Environment & the loop's success signal¶
The self-verifying agentic loop (Week 0) only closes on its own when the task has a cheap, honest check to run. These are that check — they belong in the toolkit as much as any model library.
| Tool | Role | Where |
|---|---|---|
uv |
env + dependency manager; the thing everything installs through | all |
ruff |
lint + format — a fast, honest pass/fail the agent loops against | all |
pyright / mypy |
type-check — catches a whole class of AI slop for free, and it's the loop's other signal | all |
pytest |
the eval-template runner and the Week-7 regression gates | 00, 07, all |
Core / cross-cutting (essentially every ship)¶
anthropicand/oropenai— the frontier SDK: chat, streaming, tool use, vision.litellm— one interface across Anthropic / OpenAI / Ollama.
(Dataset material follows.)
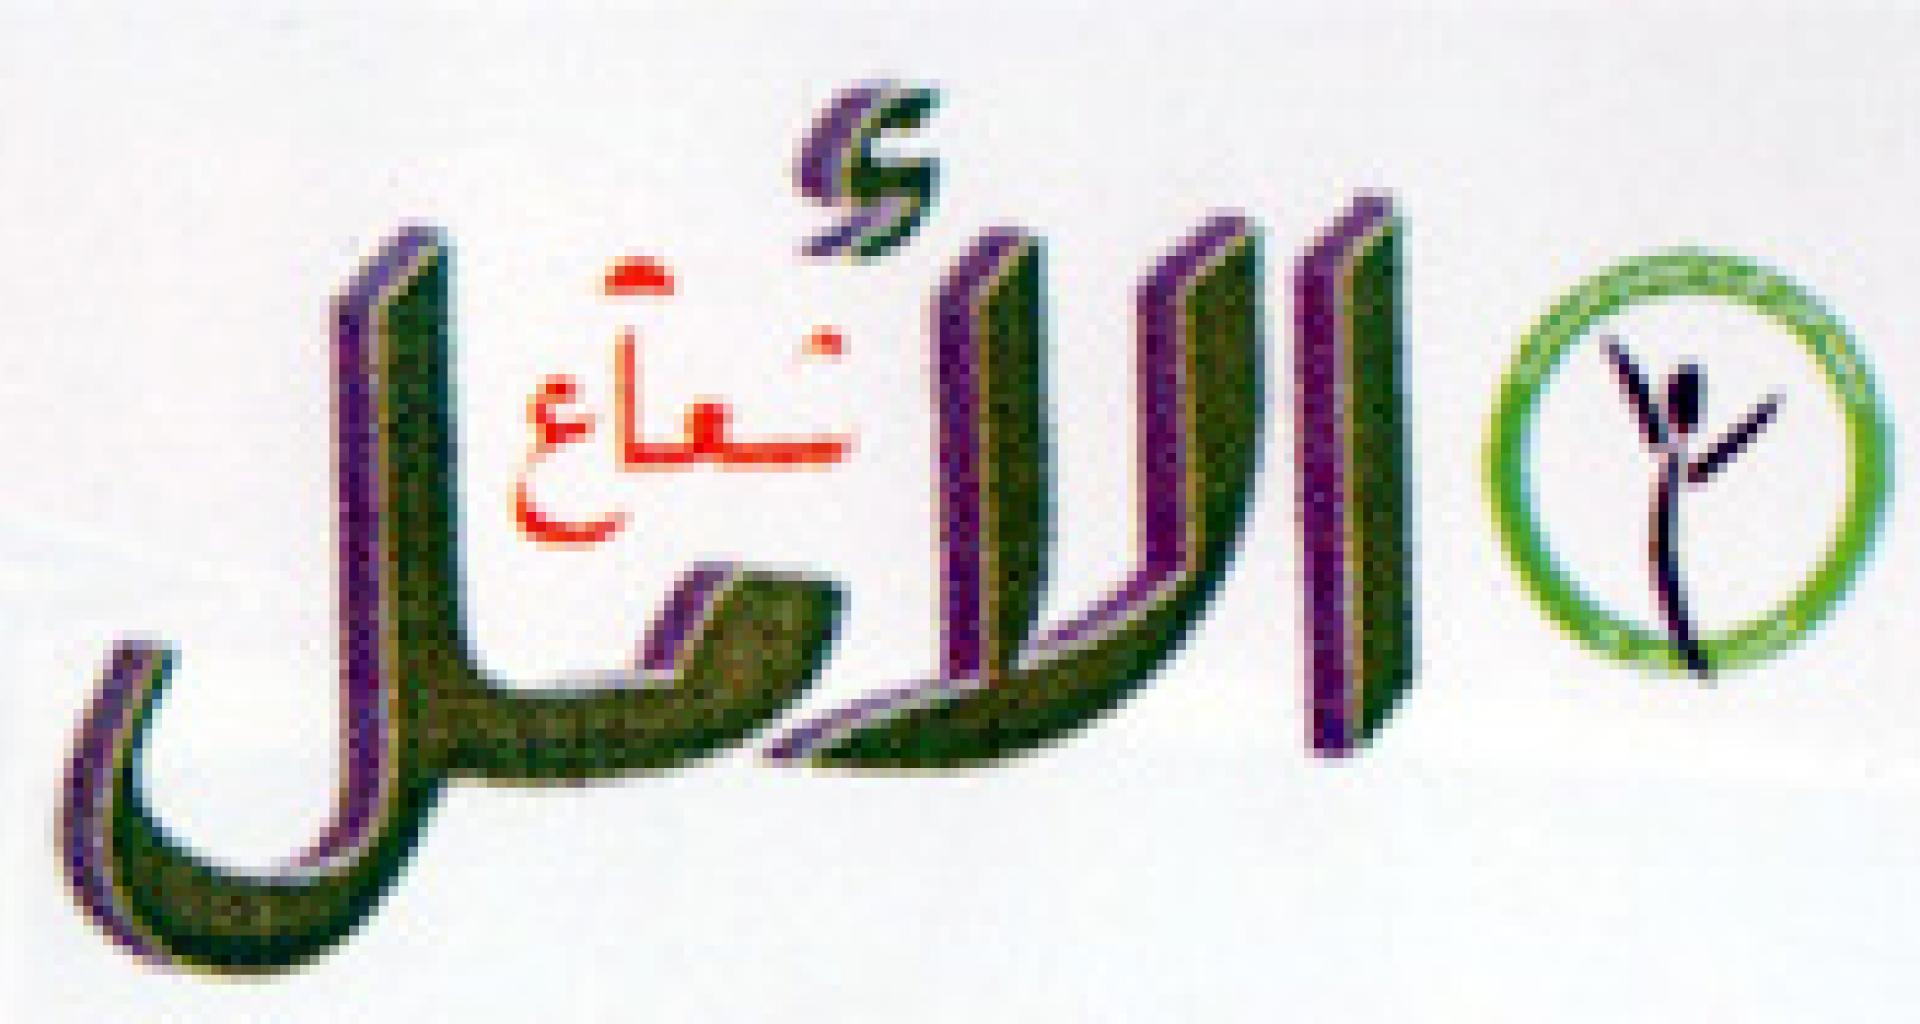 شعار المجلة

Makes "swap the model, re-run the eval" a one-liner; the backbone of the Week-1 comparison and the Week-7 cross-model gauntlet.pydantic— schema-validated structured outputs and eval-case schemas.httpx/requests,python-dotenv— HTTP for tools/feeds; key handling per the.envhygiene rule.tenacity— retry/backoff around flaky API calls; you'll want it by Week 1.
Agentic / MCP / observability (Weeks 0, 3, 4, 7)¶
mcp— the Python MCP SDK (your host-recon server; tool reuse later).langfuse— tracing/observability (or hand-rolled JSONL).sqlite(stdlib) — persistence for the agent-memory stretch (Week 3).- The loop itself is hand-written against the SDK — no agent framework.
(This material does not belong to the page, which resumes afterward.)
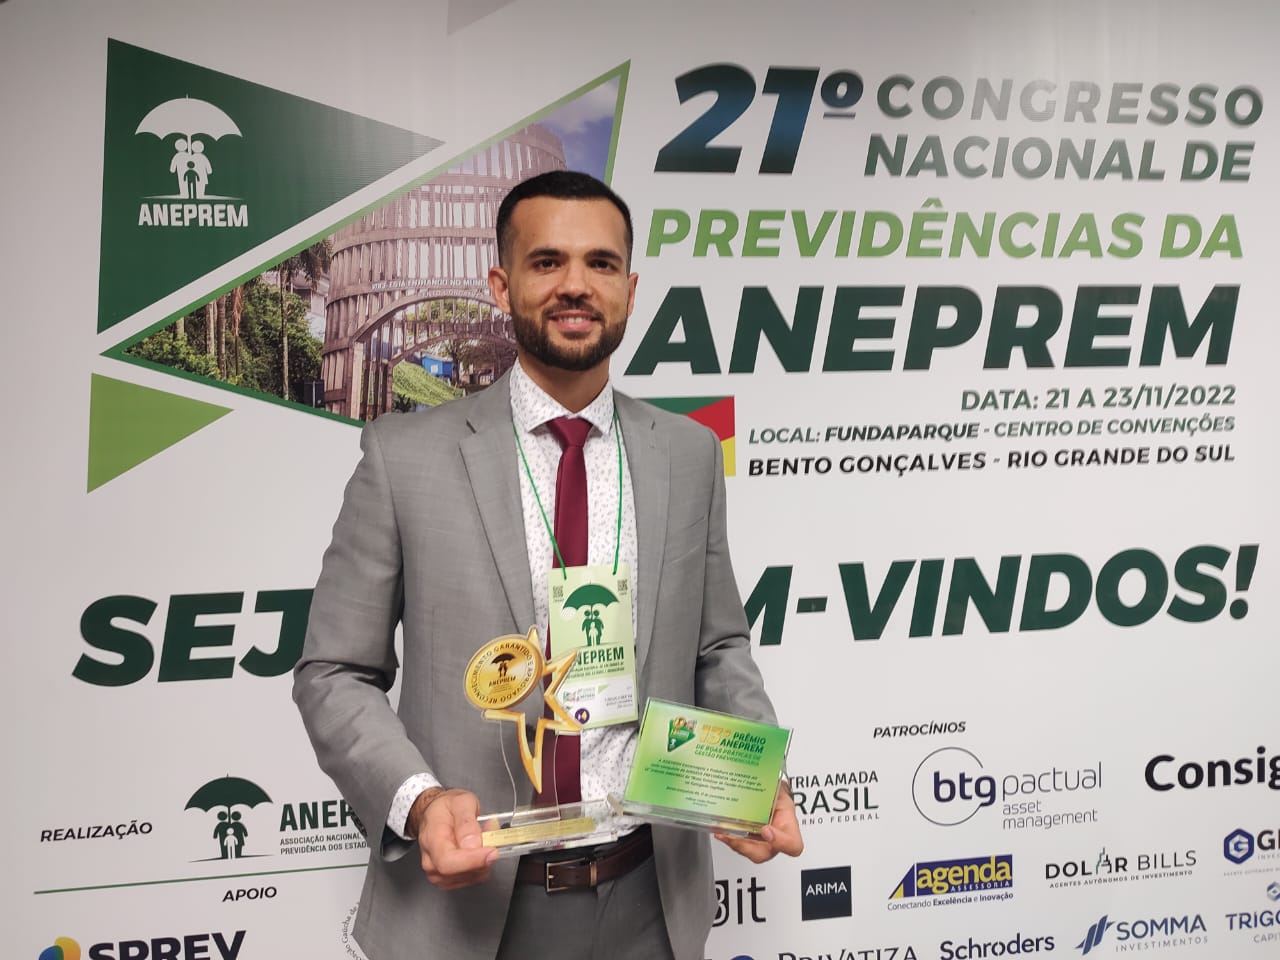 1º lugar de premiação nacional é concedido para a Manaus Previdência / Foto – Divulgação / Manaus Previdência

LLM app + RAG (Weeks 1, 2)¶
instructor— Pydantic-validated outputs with retries (alternative to raw tool-use).gradio— UIs and HF Spaces deploys.sentence-transformers— embeddings and the cross-encoder reranker.- A vector store:
qdrant-clientorpgvector(via psycopg) orchromadb— pick one and go deep; you don't need three. rank_bm25— keyword search for the hybrid step.trafilatura— HTML → clean text when your corpus is web pages (Week 2 ingestion, Week 4 DOM route).ragas— RAG metric definitions (Week 2); you can also reimplement them in the eval template.
Security & data hygiene (the "Secure it" thread; Weeks 2, 3, 4, 6, 8)¶
presidio— PII detection/scrubbing before indexing or committing (the License-&-data rule).garak— LLM red-teaming / vuln scanner for the Week-8 OWASP LLM Top 10 pass.
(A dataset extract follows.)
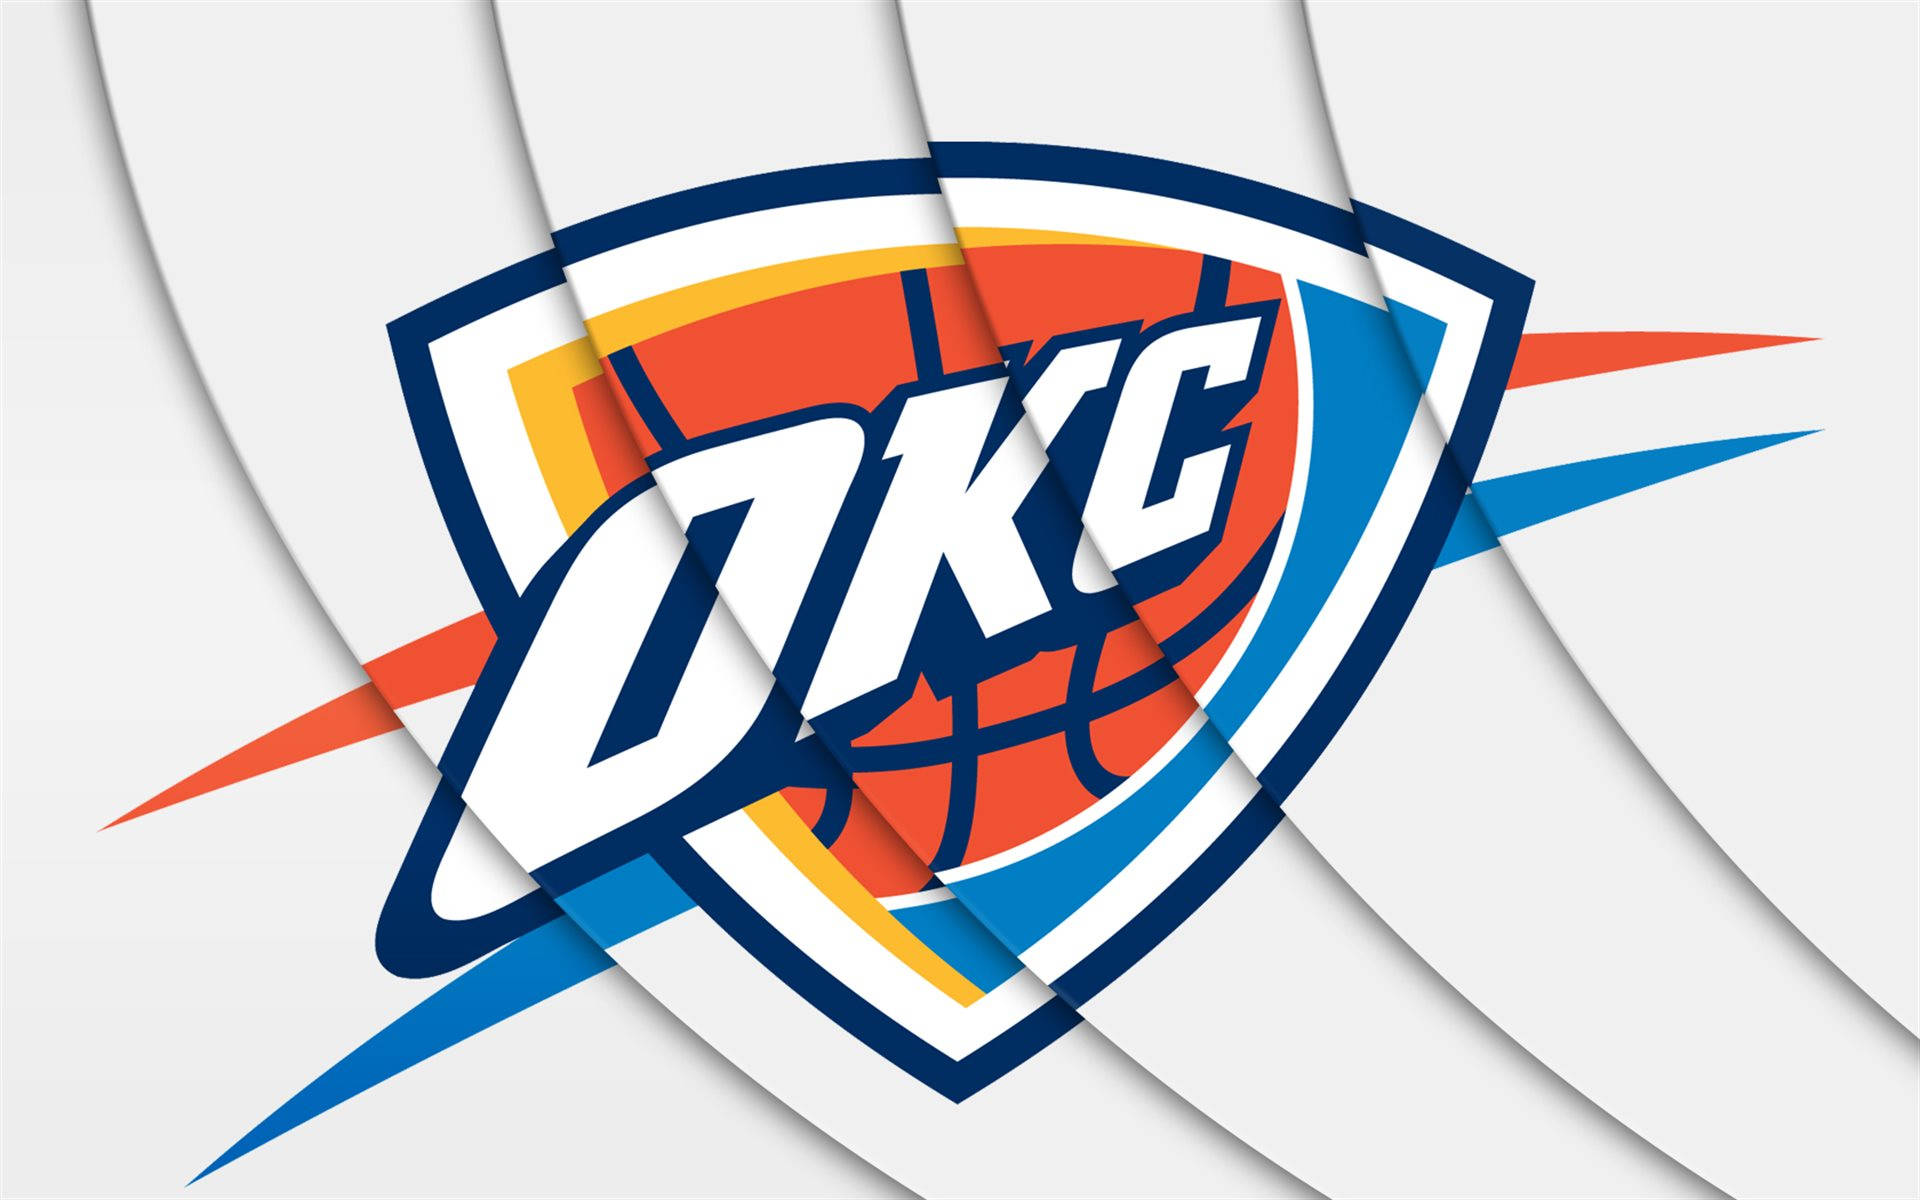 Logotipodel Oklahoma City Thunder Con Fondo Blanco. Fondo de pantalla

Local & open models (Week 1 fallback, 5, 6, 8)¶
ollama(Python client) — local serving and the fallback path.huggingface_hub— pulling and publishing models/datasets/Spaces.transformers(+accelerate) — loading/running open models.
Fine-tuning (Week 5) — the unavoidably-Python layer¶
unsloth— QLoRA on free GPUs, wrappingpeft(LoRA),trl(SFT/DPO),transformers,bitsandbytes(4-bit),datasets.torch— the substrate under all of it.wandb(or tensorboard) — log the training run; keep the loss curves.lm-eval(lm-eval-harness) — standardized eval of the tuned model.- GGUF export →
llama.cpp/ Ollama for the local quantized run.
Multimodal (Week 6)¶
openai-whisper/faster-whisper— STT.- A TTS library (voice out) +
Pillowand a VLM viatransformers(vision in). gradioAudio/Image components.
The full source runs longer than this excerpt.